Snead’s piece establishes that black culture as whole is in opposition to western culture but unique in its formation. At first when reading Snead’s piece, I was confused because it would be assumed that culture as a whole would build off of each other. However, Snead’s confusing statement, “Transformation is culture’s response to its own apprehension of repetition” implies that culture transforms to resolve its own fears of repeating itself (Snead, 59). Instead of building off of previously built norms and societies, the act of transformation is an aversion to repeating the past.  In simpler terms, instead of culture building off each other like lego pieces, it crumbles away only to be repeated; the latter is similar to playing Jenga. Blackness, furthermore afrofuturism, as represented in Black Panther thus falls in an obscure section in context to culture. Western society is continuously “immanent and historical” and thus always in an effort to keep whatever their culture values but never entirely throw it away (60). That is atypical in Black Panther where Wakanda, the imagined and untouched by the “colonizer’s” hand, fluidly combines with each other.
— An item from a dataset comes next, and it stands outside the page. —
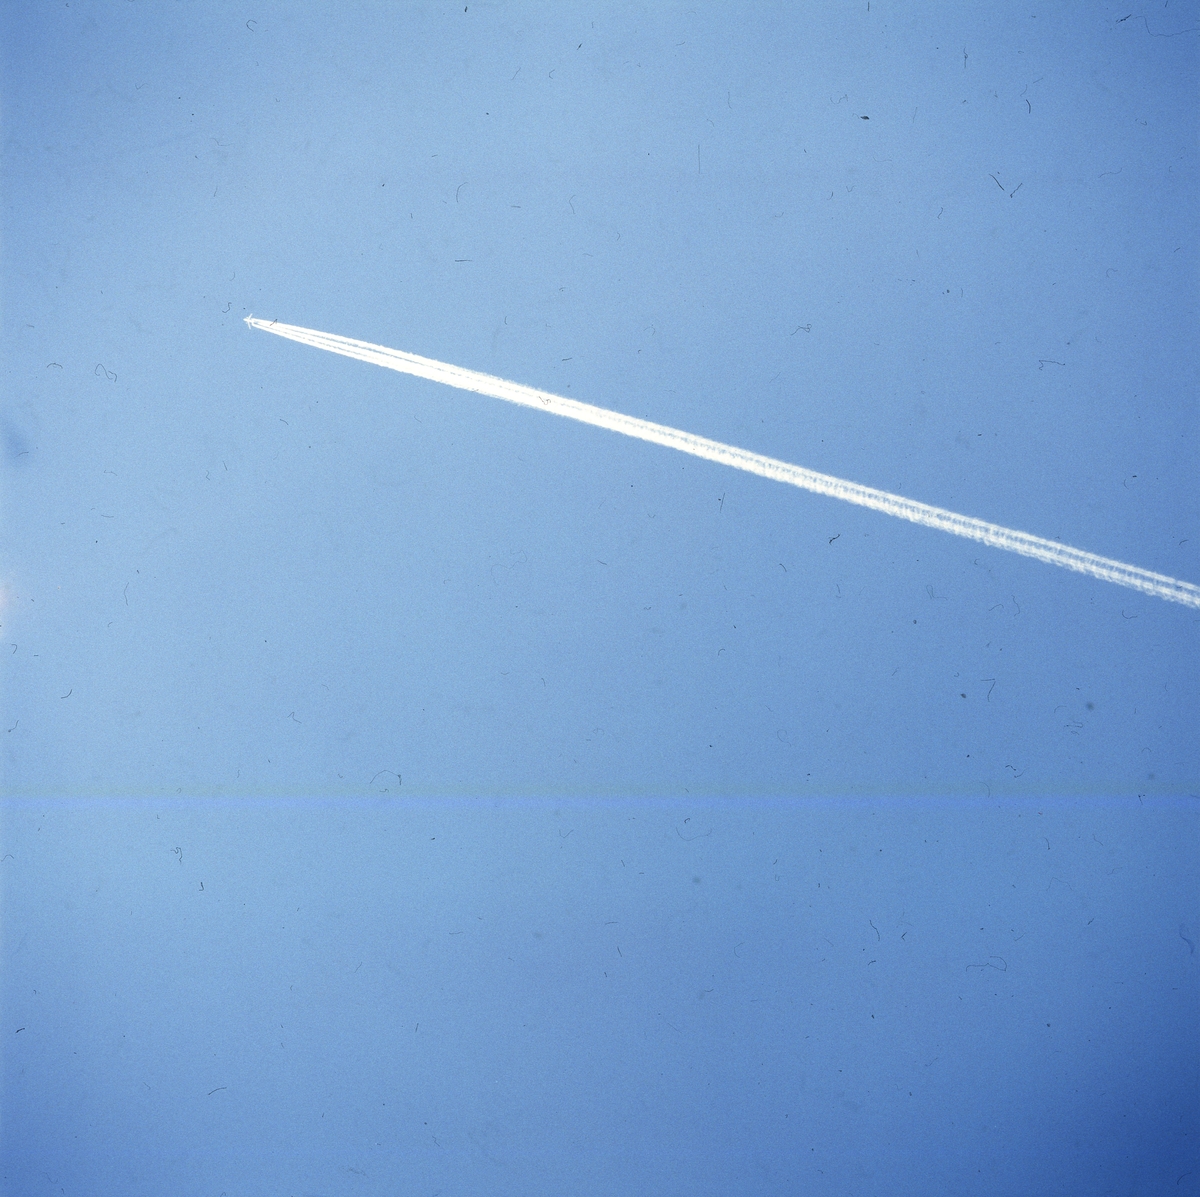 Ett flygplan lämnar ett vitt spår mot en blå himmel, Skåne 1 mars 1986.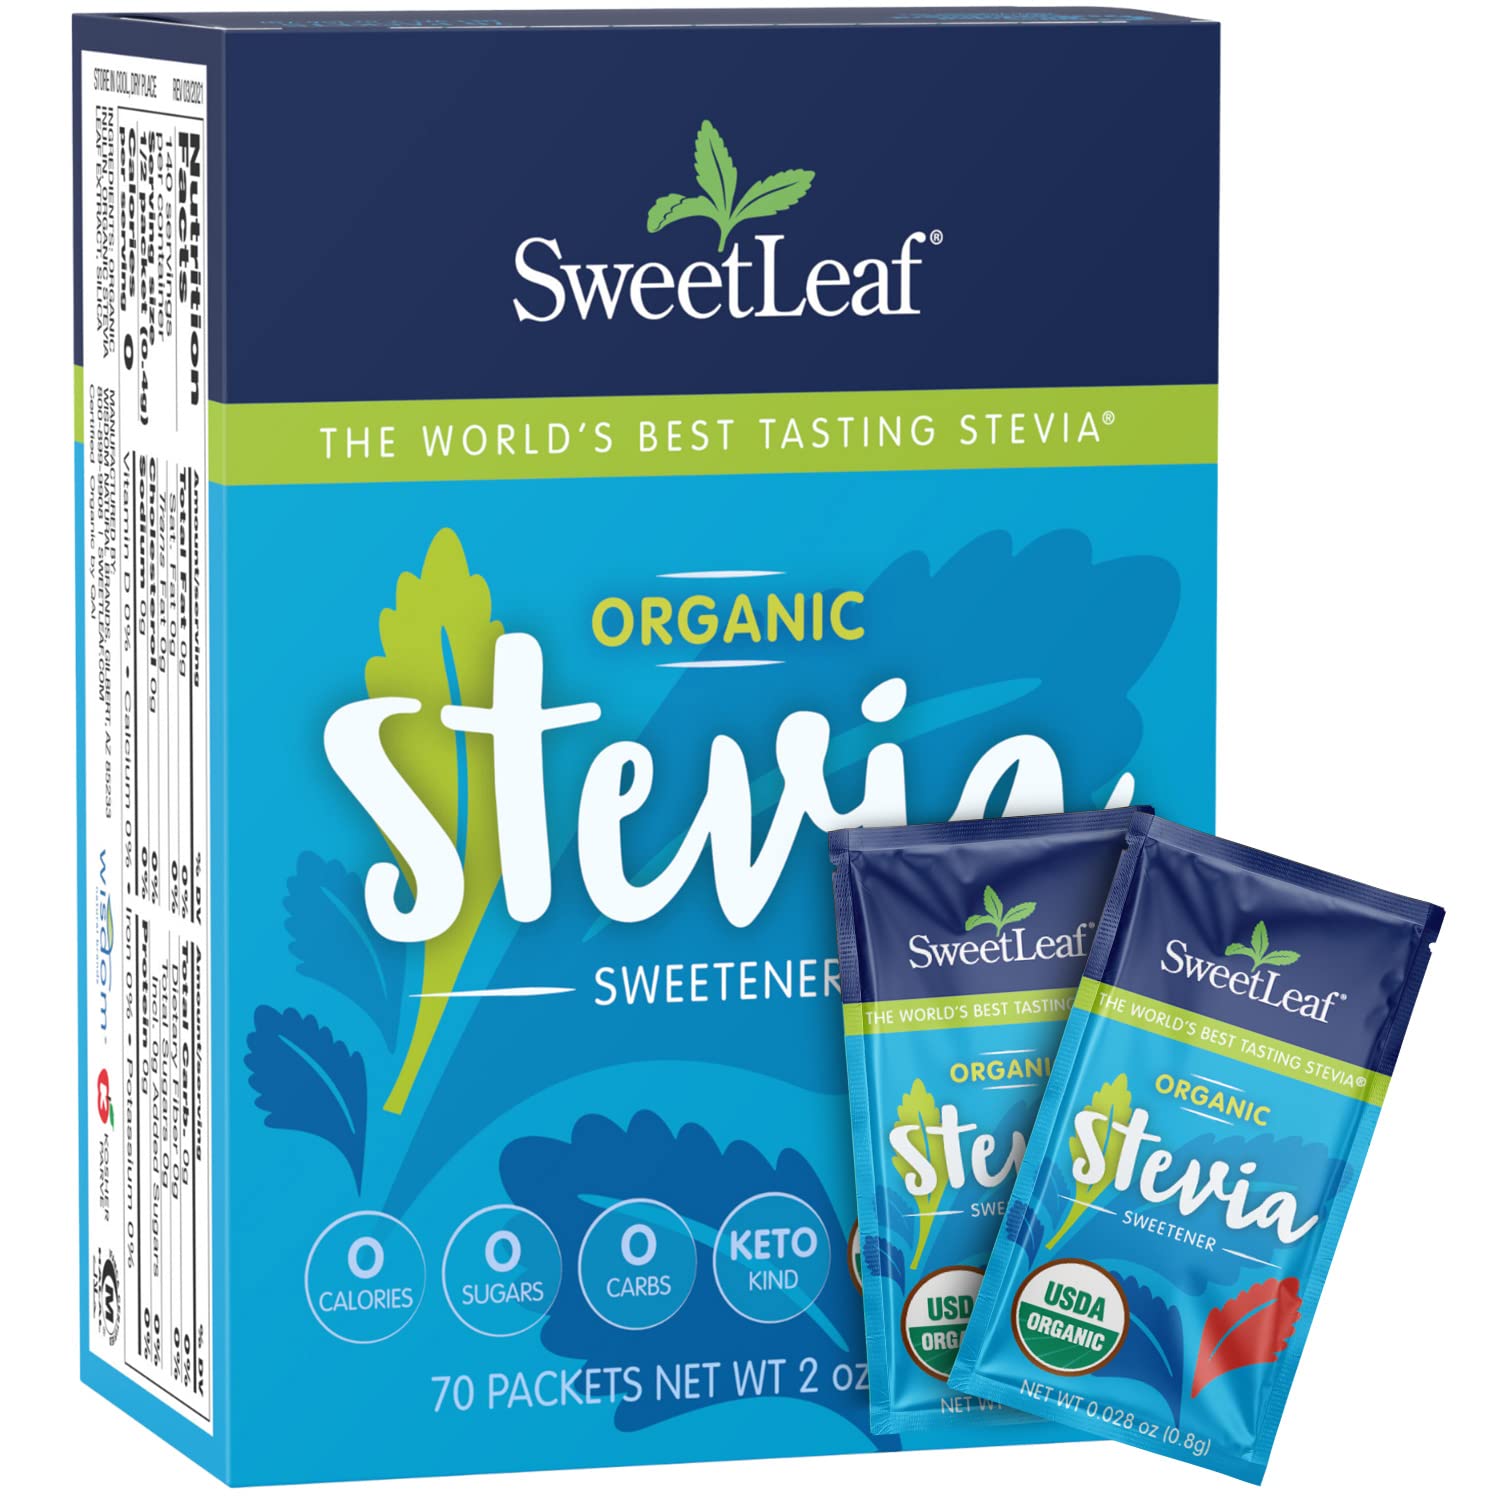 Sweet Leaf Stevia Organic Sweet Leaf Stevia PKets 70 ct by SweetLeaf

Black Panther, and overarchingly, the African diaspora, celebrates that shared cultural identity of being black. Black Panther is widely recognized as a hallmark in terms of representing black culture and more so the diversity of the continent of Africa. As such, the film is not something that builds off of the past only but from the contributing narratives around. Whereas western society is completely antagonistic to outside influence, especially those that hold different values socioeconomically like countries in Asia or Africa. As such, Snead places countries in Africa, and furthermore the imagined as Wakanda, as not only opposing to western society but their very foundational impression as being one of contributing to some resemblance of cultural harmony as seen in Wakanda.

One Reply to “BKS 188- Afrofuturism-Week 1 Reflection”

  1. (Love that opening!) You’re wrestling in useful ways here with Afrofuturist attempts to acknowledge problematic symbiotic or combative relationships between Africa and the European-influenced West and to create something pan-African or Afrocentric in ways that allow Europe to be side-stepped, or at the very least not dominant. (America, here, is often European, at least in its inheritance of views of Africa and humanity.)

    Indeed, in admitting that Western culture can be both “immanent and historical,” Snead is recognizing there’s not a simple reversal between Black Africa and White Europe; some of the implication is that control of narrative matters as much as philosophical stance.

    Further attention to what counts as “culture,” then, might be useful: is it something that is wielded by or despite those in control?